History. Acts 2007, No. 174, § 1.

17-107-310. Disciplinary action.

The Arkansas Orthotics, Prosthetics, and Pedorthics Advisory Board may deny, suspend, revoke, or restrict any license or certification issued under this chapter or otherwise discipline an individual licensed or certified under this chapter upon proof that the individual:

  1. Has pleaded guilty or nolo contendere to or has been found guilty of a felony listed under § 17-3-102;
  2. Has used intoxicating liquors, narcotics, controlled substances, or other drugs in a manner that adversely affects the license or certificate holder's ability to practice;
  3. Has become physically or mentally incompetent to practice to the extent that the license or certificate holder's professional competence is impaired and the public is endangered;
  4. Has committed fraud or deceit in the procuring or attempting to procure a license or certification under this chapter;
  5. Has aided or abetted an unlicensed or uncertified individual to perform the duties of a license or certificate holder under this chapter;
  6. Has engaged in any practice beyond the scope of duties permitted a license or certificate holder under this chapter;
  7. Is incompetent or grossly negligent in his or her performance as a license or certification holder;
  8. Has engaged in unprofessional or unethical conduct;
  9. Has advertised in a false, fraudulent, deceptive, or misleading manner;
  10. Has knowingly betrayed a professional secret;
  11. Has violated a rule of the board;
  12. Has violated a term of probation or an order previously imposed by the board; or
  13. Has had a license, certificate, or registration revoked or suspended or has been placed on probation or under disciplinary order in any jurisdiction.

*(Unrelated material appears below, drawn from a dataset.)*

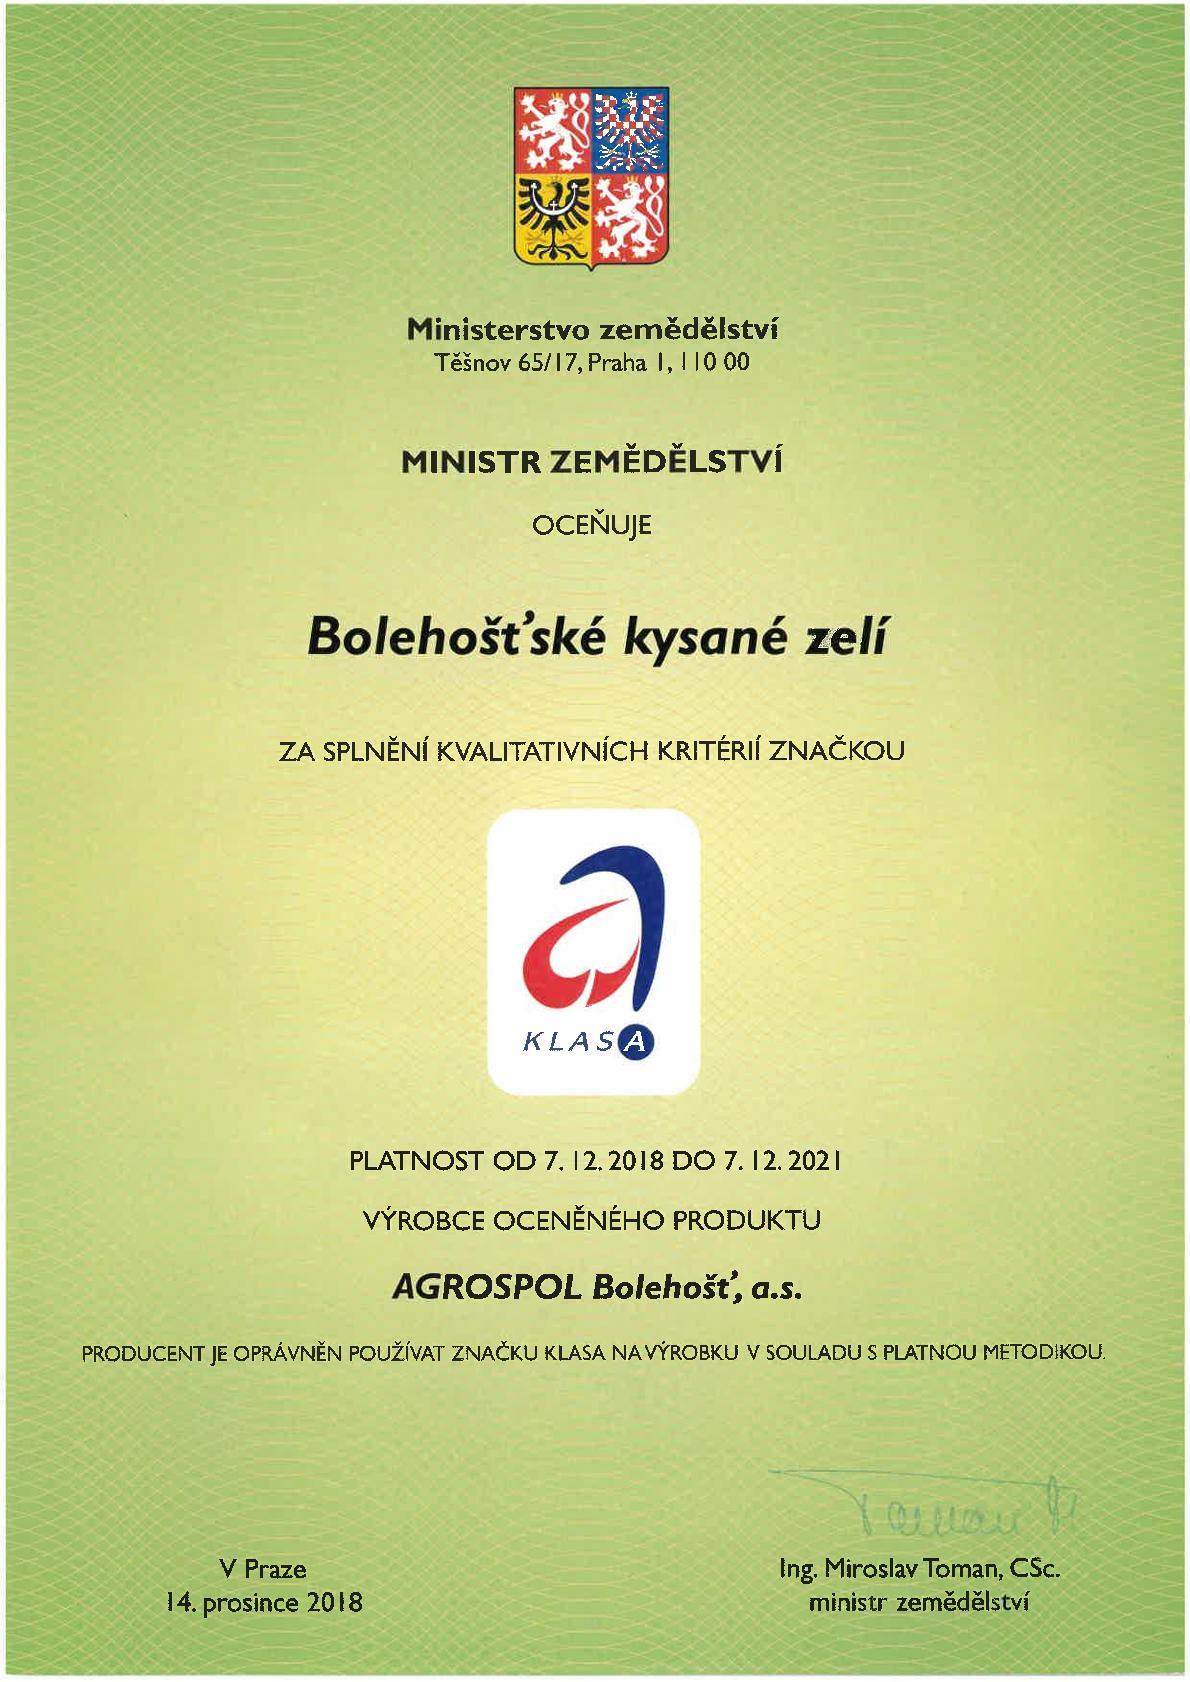 AGROSPOL Bolehošť, a. s. - Certifikát 01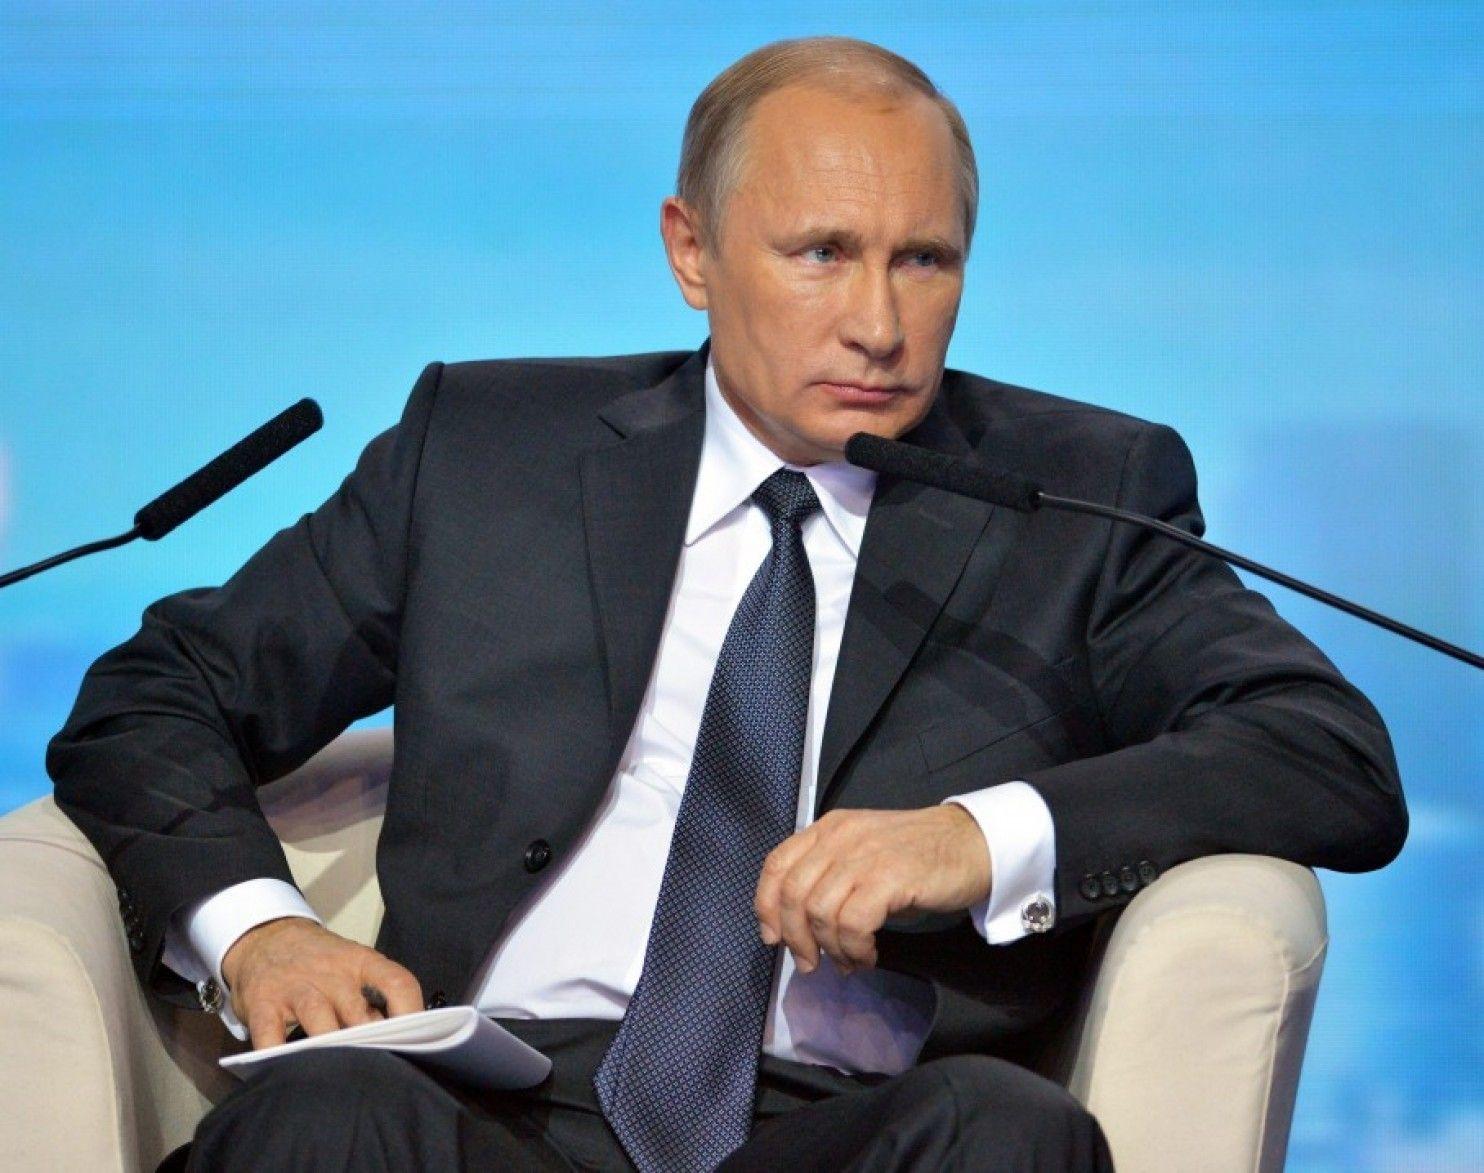 Sorry, Putin. Russia's economy is doomed - The Washington Post

History. Acts 2007, No. 174, § 1; 2019, No. 315, § 1682; 2019, No. 990, § 134.

Amendments. The 2019 amendment by No. 315 substituted “rule” for “regulation” in (11).

The 2019 amendment by No. 990 added “listed under § 17-3-102” in (1).

17-107-311. [Repealed.]

Publisher's Notes. This section, concerning the grandfathering of certain licenses issued by the Arkansas Orthotics, Prosthetics, and Pedorthics Advisory Board, was repealed by Acts 2013, No. 1147, § 4. The section was derived from Acts 2007, No. 174, § 1.